Рассвет я встречал у окна, в номере, под тихое радио за стеной. Все люди, которых я узнал за этот месяц, как будто были рядом. Толстый библиотекарь заваривал тайком от коридорной чай. Писатели сидели строем на диване, по количеству книг, как по росту, Колян подпирал картину с кувшином.
«Лучше б ты приёмники собирал», — сказал один любимый мной литературный персонаж. Нет, Коля, каждому своё. Уходить некуда, слишком долго я это делал. Надо пробовать до конца. Устал я каждый раз начинать сначала, и не хватит для меня гайдаровских горячих камней. Надо писать что-то, что я ещё не знаю, ради всех, кого я знал, пусть это будет для этих людей и не очень важно. Пускай я, как пушной грызун, буду ездить по халявным юбилейным пьянкам.
Время переваливается на крыло, меняет своё течение. Это уже не то время, к которому мы привыкли, оно живёт отдельно от нас, мы не поспеваем за его поворотом. И нечего суетиться.
Радио за стенкой стало громче.
— Московское время — восемь часов тридцать минут. Говорит радиостанция «Маяк». Сегодня, десятого ноября 1982 года, мы продолжаем рассказ о Вахте Памяти, посвящённой сорокалетию Сталинградской битвы.
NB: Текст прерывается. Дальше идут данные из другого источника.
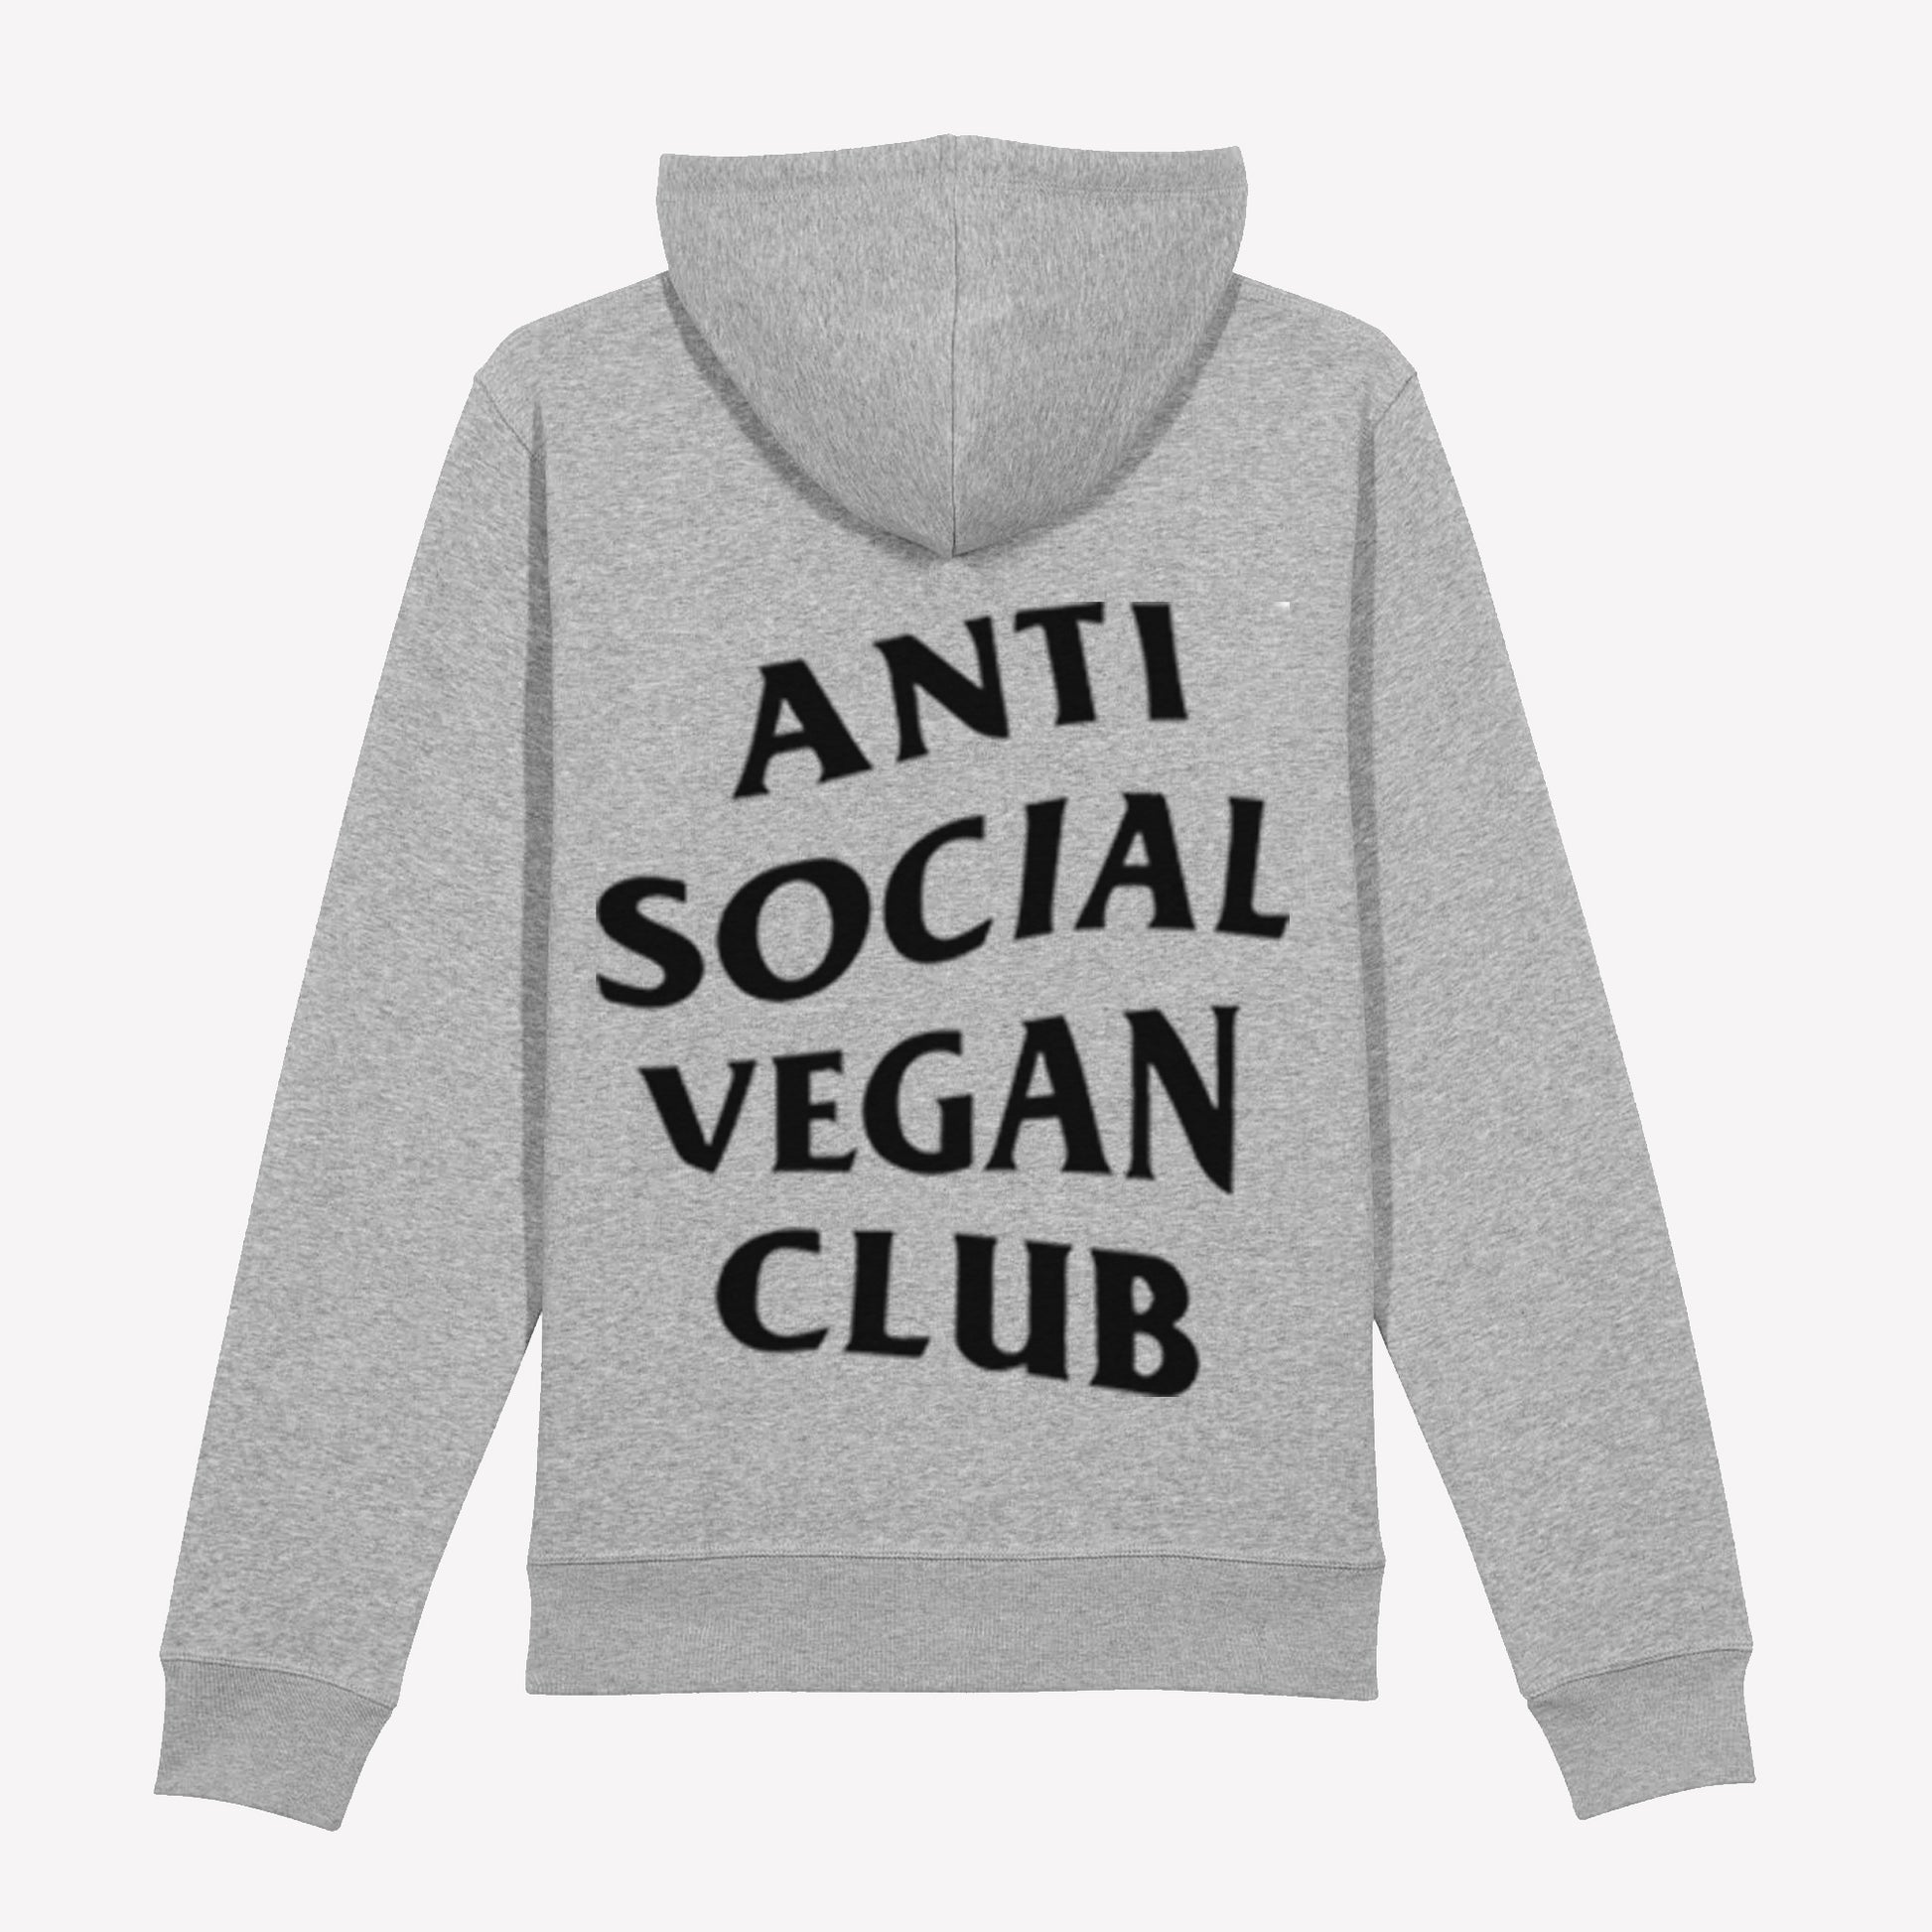 Anti Social Vegan Club Pullover Hoodie Grey - Anti Social Vegan Club

Трудящиеся…
Начинался новый день.
Старообрядец
Молодого инженера разбирали на собрании.
Дело состояло в том, что его тесть был старообрядцем.
Один из друзей инженера, побывав на недавнем дне рождения инженера, сообщил об этом обстоятельстве родства в партком.
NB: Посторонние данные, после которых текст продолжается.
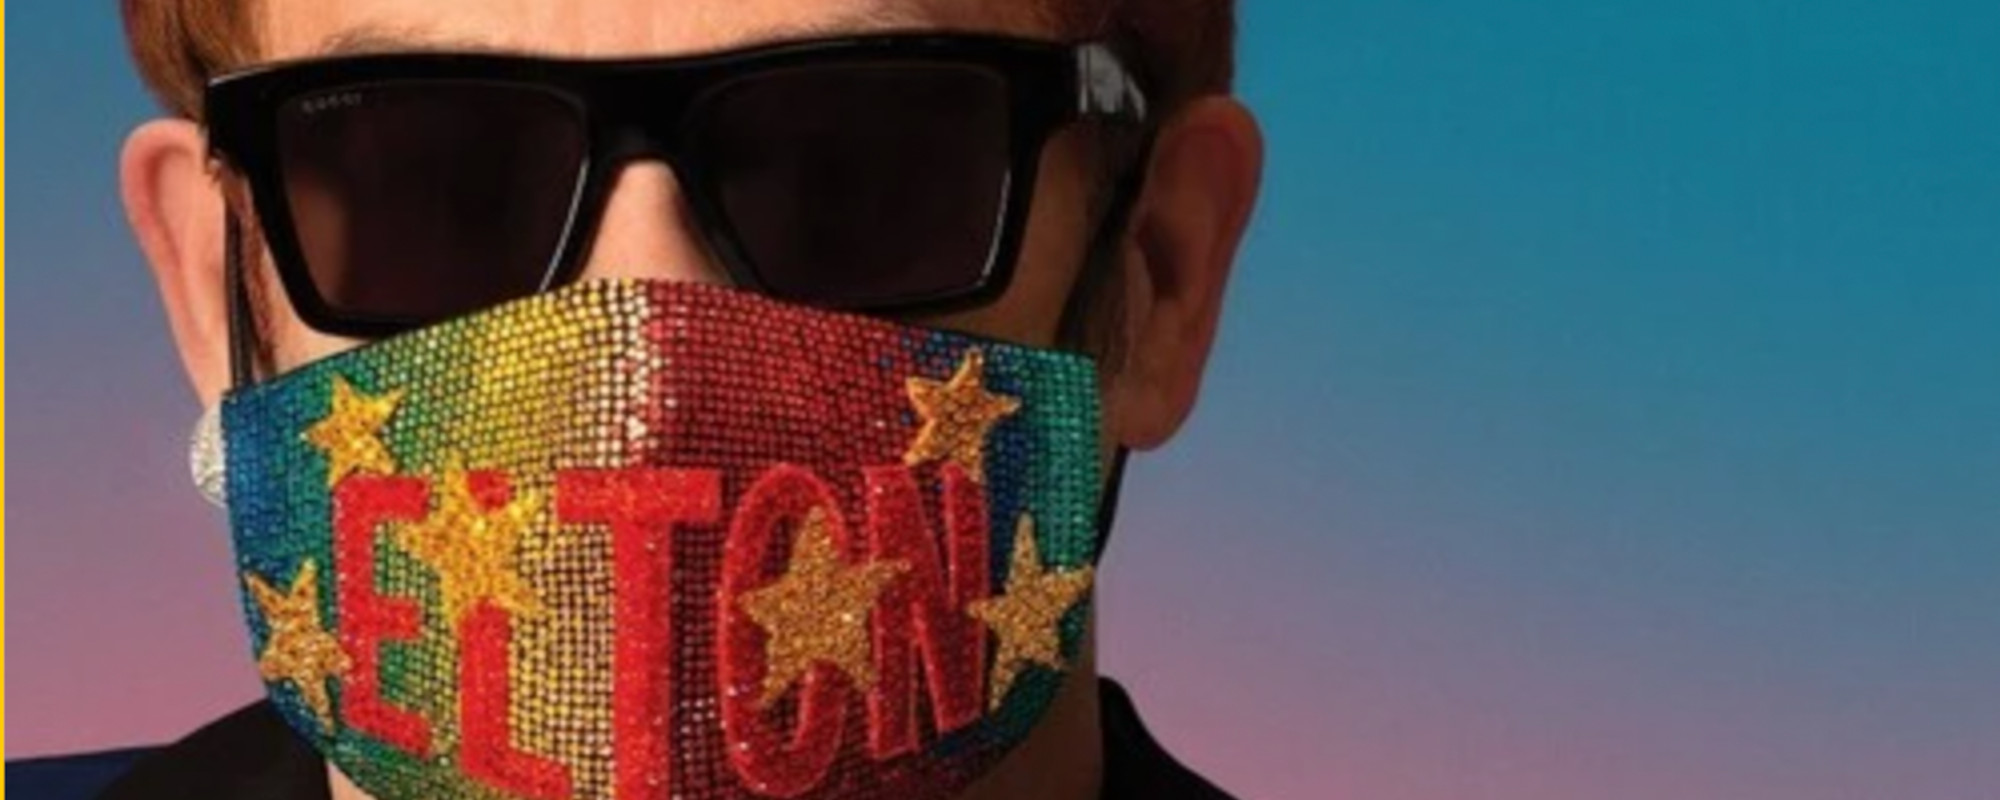 Elton John Releases New LP, ‘The Lockdown Sessions’

В заявлении было написано, что в доме у члена партии и при его пособничестве собираются религиозные мракобесы.
Тесть тогда действительно молился в своём закутке, не обращая внимания на гостей, которые с испугом глядели на него.
Пил он всегда из своей специальной кружки, и это тоже всех раздражало. Инженер и сам не любил тестя — сурового человека, заросшего до глаз бородой, высокого и жилистого, но его возмутило предательство друга.
Инженер наговорил глупостей, и дело запахло чем-то большим, чем просто исключение из партии.
Однако счастье инженера состояло в том, что по старой рабочей привычке (ибо он стал инженером на рабфаке, придя в вуз по комсомольскому набору), он крепко выпил, идя с собрания, и свалился в беспамятстве.
Врачи объявили диагноз его жене, фельдшеру, которая и сама понимала: «нервная горячка». Исключённый и уволенный инженер переждал свою беду, валяясь на больничной койке.